MUBI also includes in its streaming schedule some Hollywood films from the recent past (see below for definitions of ‘recent’). This last week saw two Sydney Pollack titles added to the roster (the other is Tootsie with Dustin Hoffman). Pollack had a forty-year career as a director, producer and actor working with the leading stars from 1965 to 2005. As a director he made conventional mainstream films with strong narratives, often dealing with outsider figures from a ‘liberal’ perspective. Absence of Malice pairs Paul Newman and Sally Field. I was a fan of both actors in 1981 but I don’t remember watching this at the time. I always loved Newman as a star, wishing only that he would make more films as a director – Rachel, Rachel (1968) and Sometimes a Great Notion (1971) are films I’d happily watch again. Sally Field is still active but her peak film career was probably from the mid 1970s to the mid ’90s when Hollywood’s sexism cast her as the older woman destined for character parts. Earlier she had often been paired with male stars ten or more years older (Burt Reynolds, James Garner et al.) and therefore a romance with Newman was par for the course.
‘Absence of malice’ is a legal term relevant to libel law in the US. A newspaper may print a story that may not be true about a person as long as they do so in good faith, not knowing that it is false. Whether the film’s plot actually works in terms of the US legal system appears to be open to question. The basic premise is that Megan (Sally Field), a news reporter for a local Miami paper, runs a story about an FBI investigation of a local rum importer, Michael Gallagher (Paul Newman) who is assumed to be a suspect in the disappearance of a local union leader. Michael’s father was a ‘rum runner’ during prohibition with contacts in organised crime. Michael was sent to good schools and is ‘clean’. The news report creates major difficulties for Michael with the withdrawal of labour by his unionised workforce and loss of business with local restaurants. He begins his fightback by confronting Megan about where she got the story.

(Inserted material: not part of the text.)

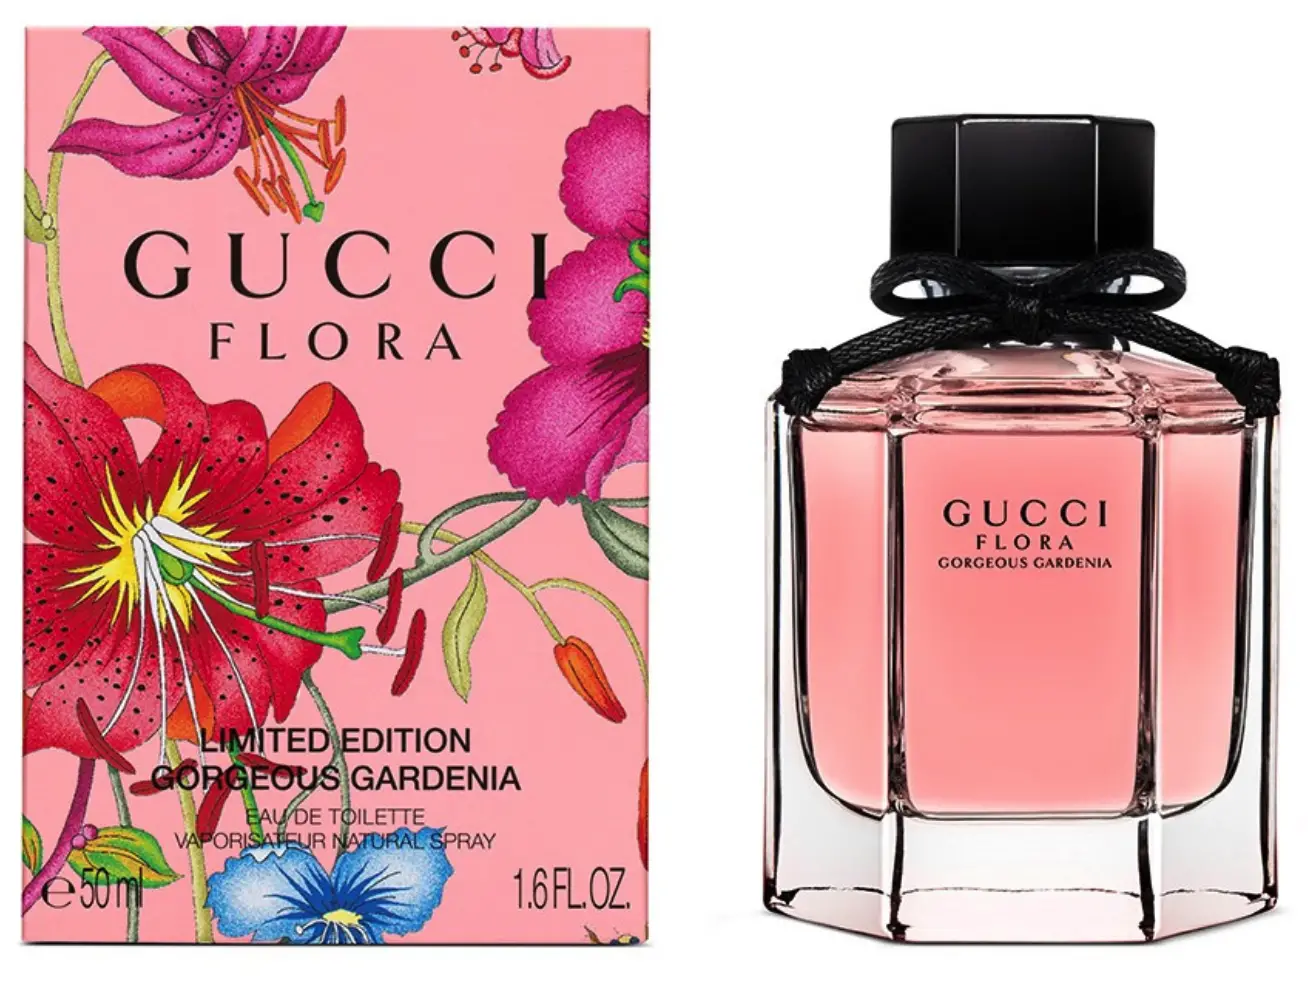 Gucci Perfume Gucci Flora Gorgeous Gardenia

As the narrative progresses it becomes clear that the local FBI boss is ‘fishing’ for leads and that the District Attorney has his own election issues. Throw in that Michael and Megan have an attraction for each other plus there is a third person with an emotional attachment involved in Michael’s situation and an intriguing narrative develops. The Miami setting is well handled and the film begins with a documentary montage detailing the hot metal process for newspaper printing that should be an eye-opener for younger viewers. Megan is an interesting character. She’s without a significant back story and it could be argued that she finds herself trapped between her boss (the editor played by Josef Sommer) the FBI team (at least one of whom is an admirer) and Michael – all older men. But she remains her own woman. It’s good to see Sally Field playing her real age (34) and coming across as a professional woman rather than simply as the plot’s romance interest. In her best line she reminds Michael that she is a woman of 34 who doesn’t need courting. Some reviewers at the time saw her character as an example of a ‘bad journalist’ (in the context of All the President’s Men in 1976). That seems a mis-reading to me. Megan certainly uses the tricks she knows to get a story but I don’t think that makes her ‘bad’, especially given the pressure on her to sensationalise – which she tries not to do. I won’t spoil the narrative by explaining Melinda Dillon’s character as Teresa, but she won an Oscar nomination for her part. There were also nominations for Newman and for the main writer Kurt Luedtke who had been a newspaper reporter and editor – he wrote two further scripts for Pollack, Out of Africa in 1985 and Random Hearts in 1999.

A couple of days before I saw the film, someone suggested to me that some younger film programmers saw 1980s films as ‘classic cinema’ now. I was initially shocked but now I can see that there is evidence to support this. Absence of Malice seems more like the tail-end of 1970s Hollywood. Aspects of the plot are similar to several of those 70s movies that find darker, ‘murkier’? elements in cities like Miami. I did find some of the costumes odd. Newman is beautiful in his mid fifties, still slim and still with those piercing blue eyes, but in one scene he wears high-waisted jeans with a tight check shirt which didn’t work for me in terms of the character. Sally Field has a smaller version of that 80s ‘big hair’ trend and a succession of suit outfits with heels which make her look uncomfortable in the heat of Miami (especially when clambering into Michael’s boat. But these are minor worries. What does seem ‘classic’ is that this is engaging entertainment over 116 minutes for an adult audience without a contrived tacked-on ending. It’s good to be reminded that Hollywood could once do this on a regular basis.